• [Aim of the task] Everything in the data except the pictures belongs in your answer, copied exactly.

• [Collected material]
[Start of Attachment]

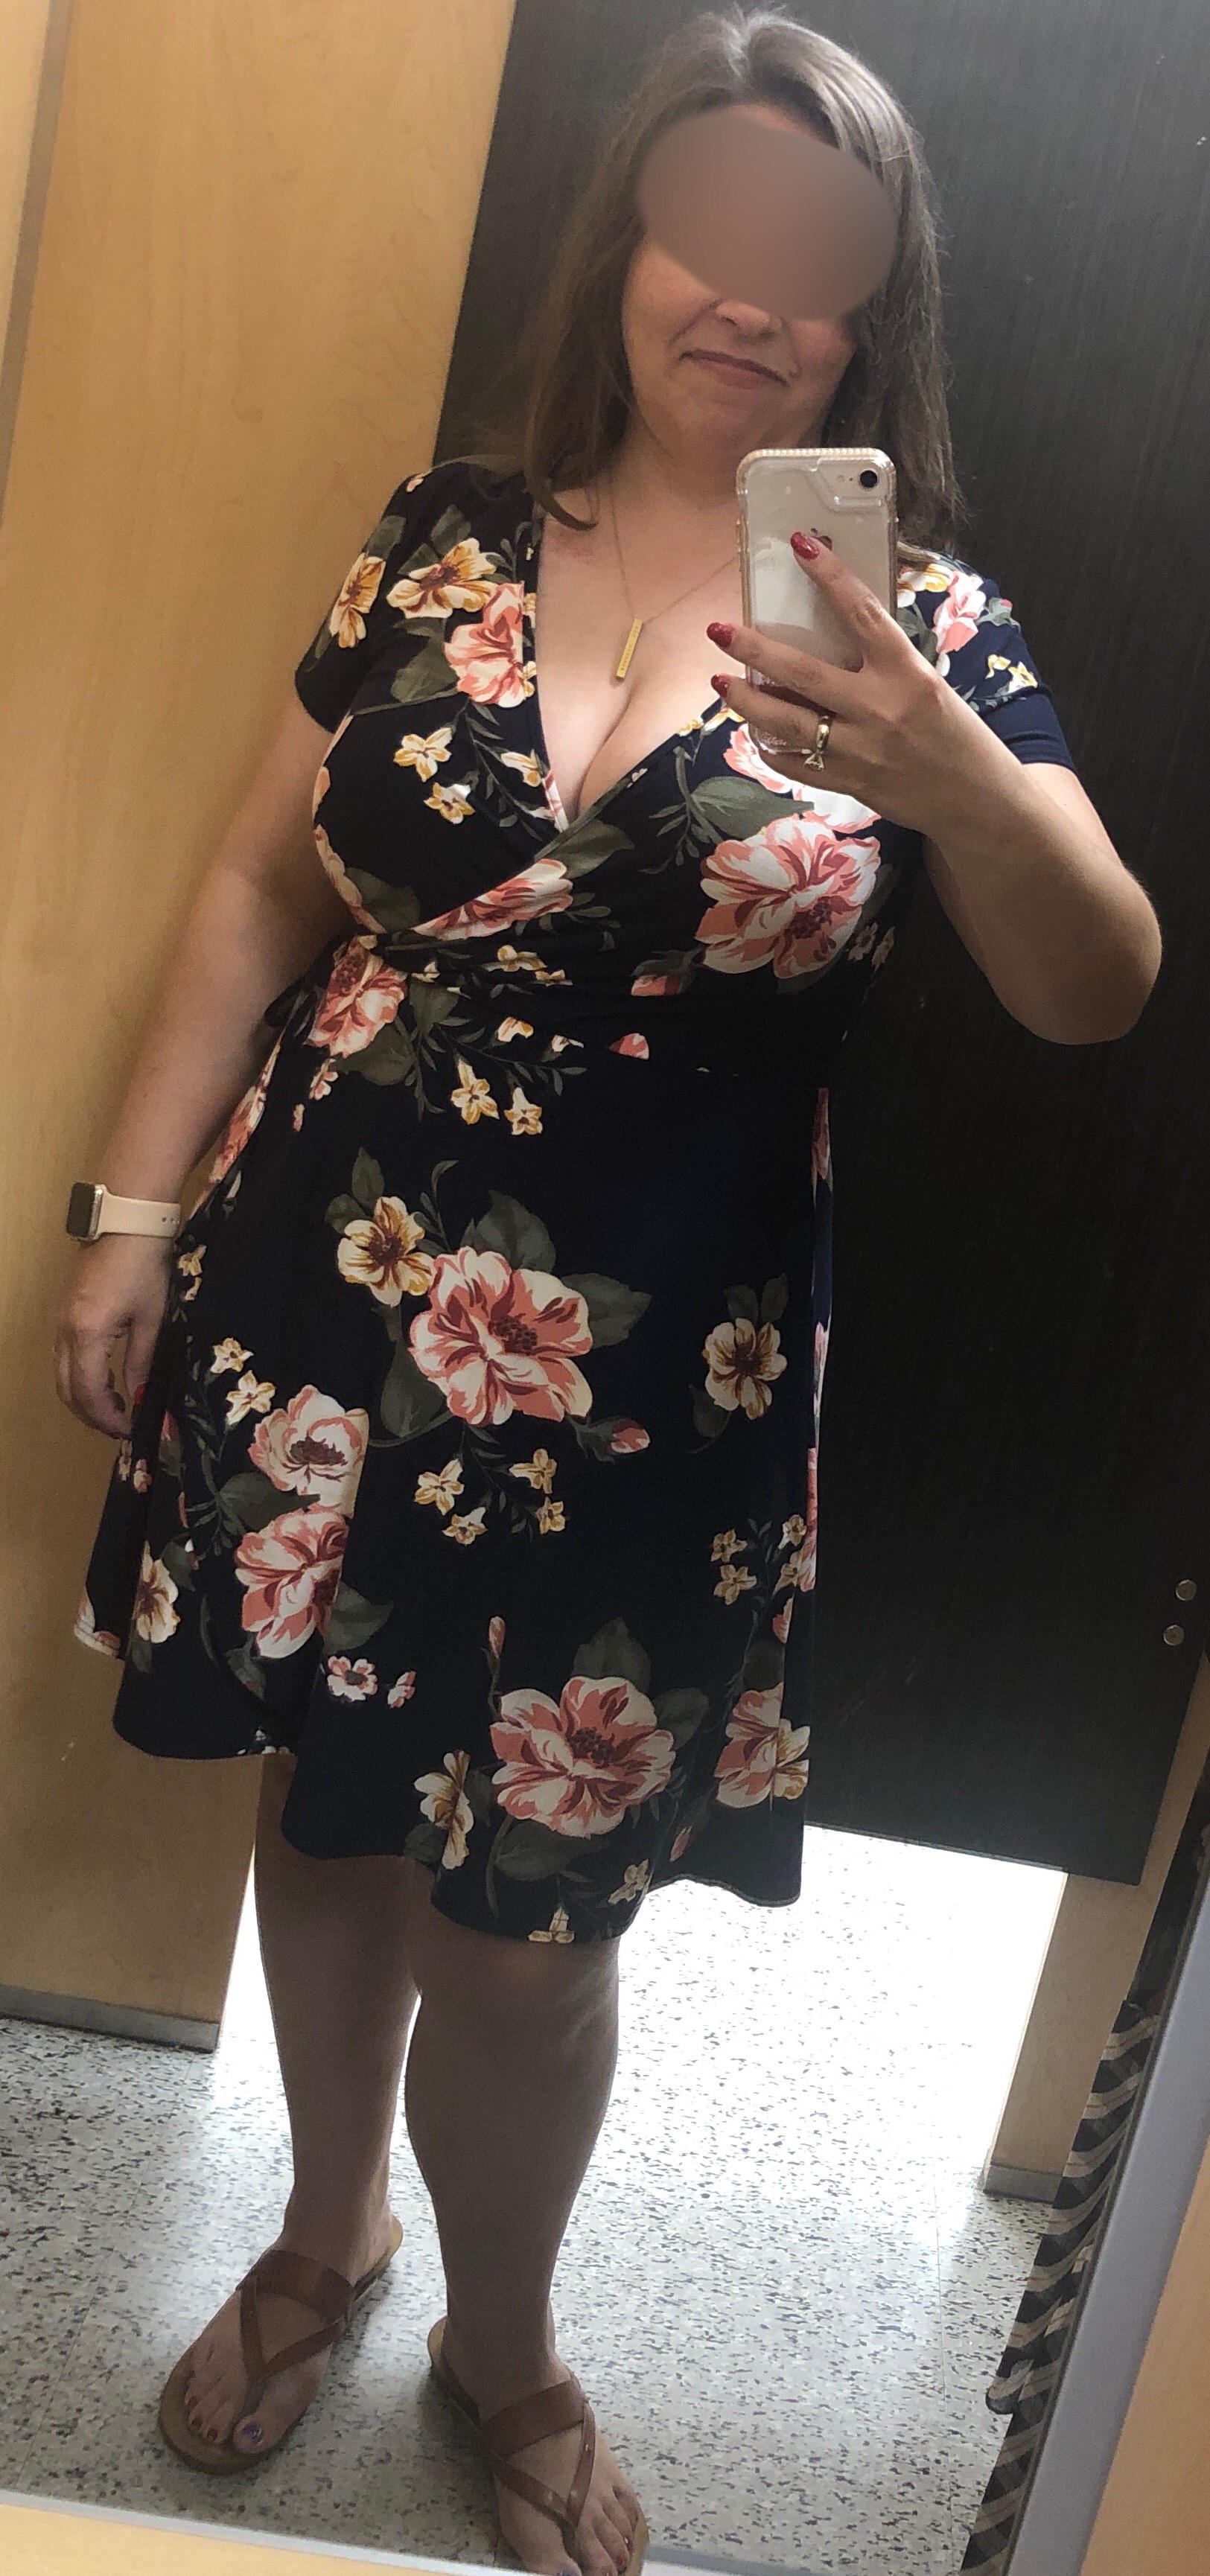 Mom o[f] 3... what do you think about this dress on her? Comments and PMs welcome!
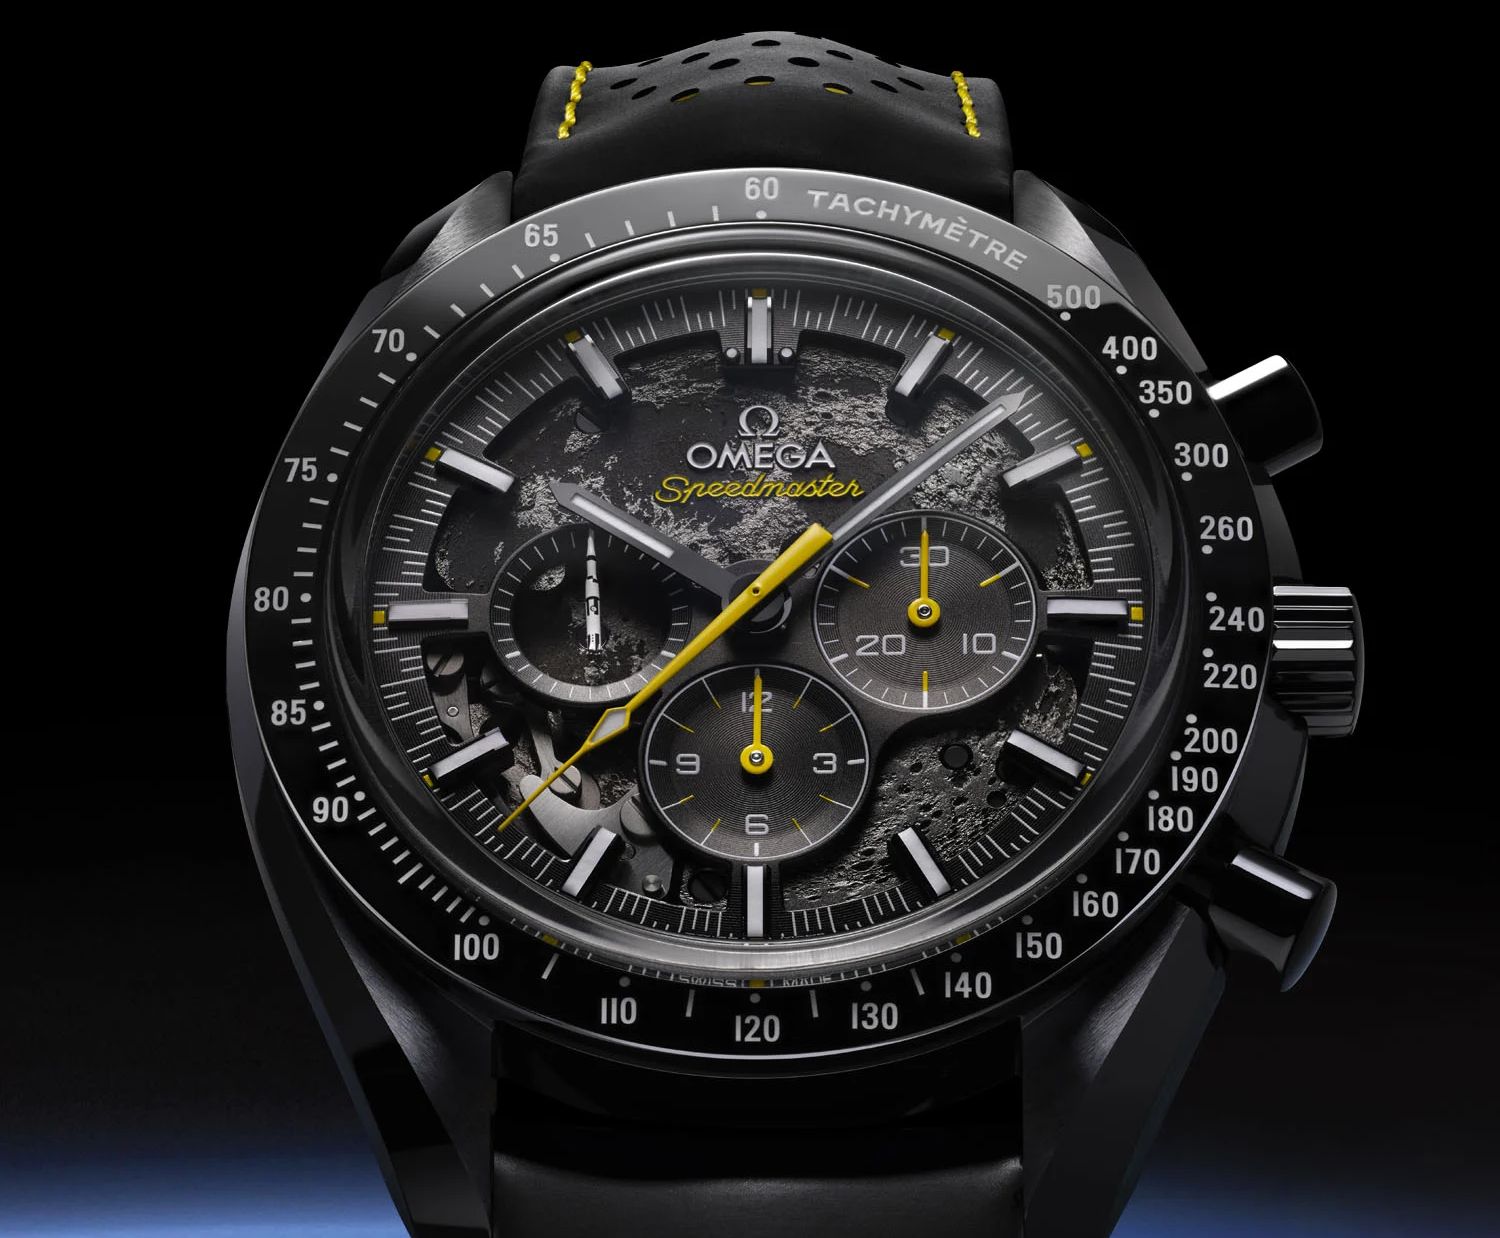 Omega has updated the Speedmaster Dark Side of the Moon
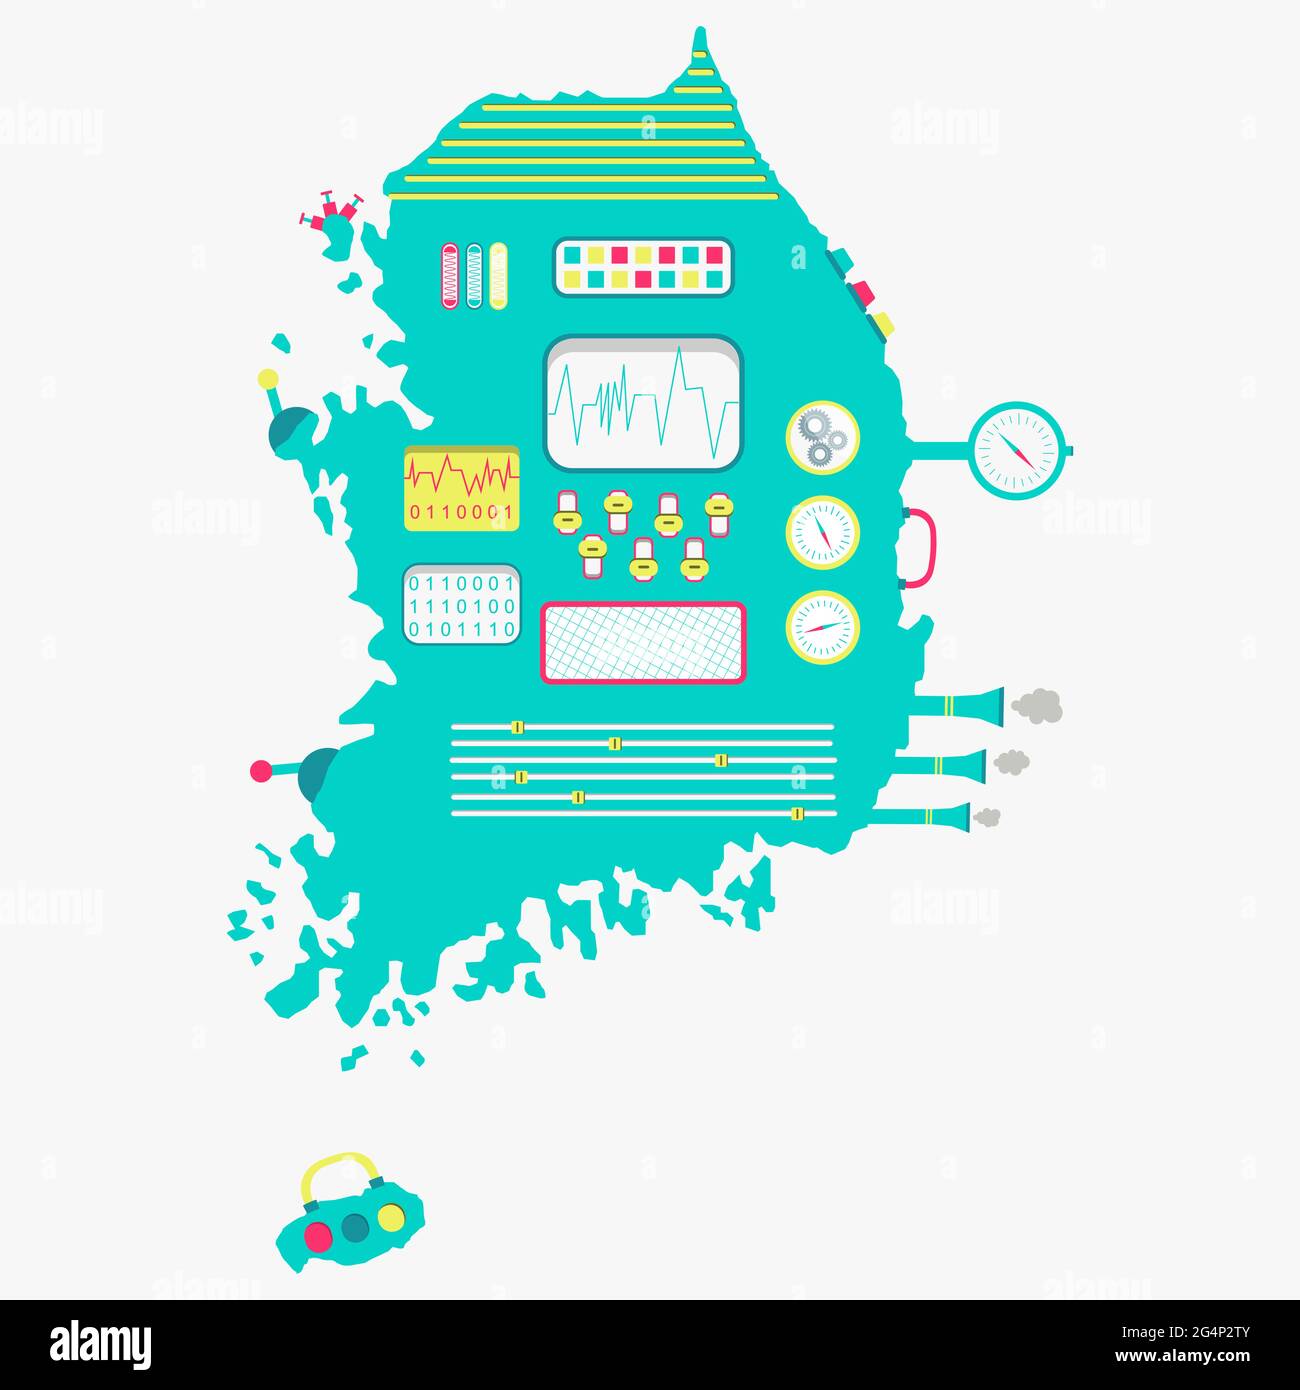 Map of South Korea like a cute machine with buttons, panels and levers. Isolated. White background. Stock Vector

[End of Attachment]

• [Finished exercise]
 Mom o[f] 3... what do you think about this dress on her? Comments and PMs welcome!
 Omega has updated the Speedmaster Dark Side of the Moon
 Map of South Korea like a cute machine with buttons, panels and levers. Isolated. White background. Stock Vector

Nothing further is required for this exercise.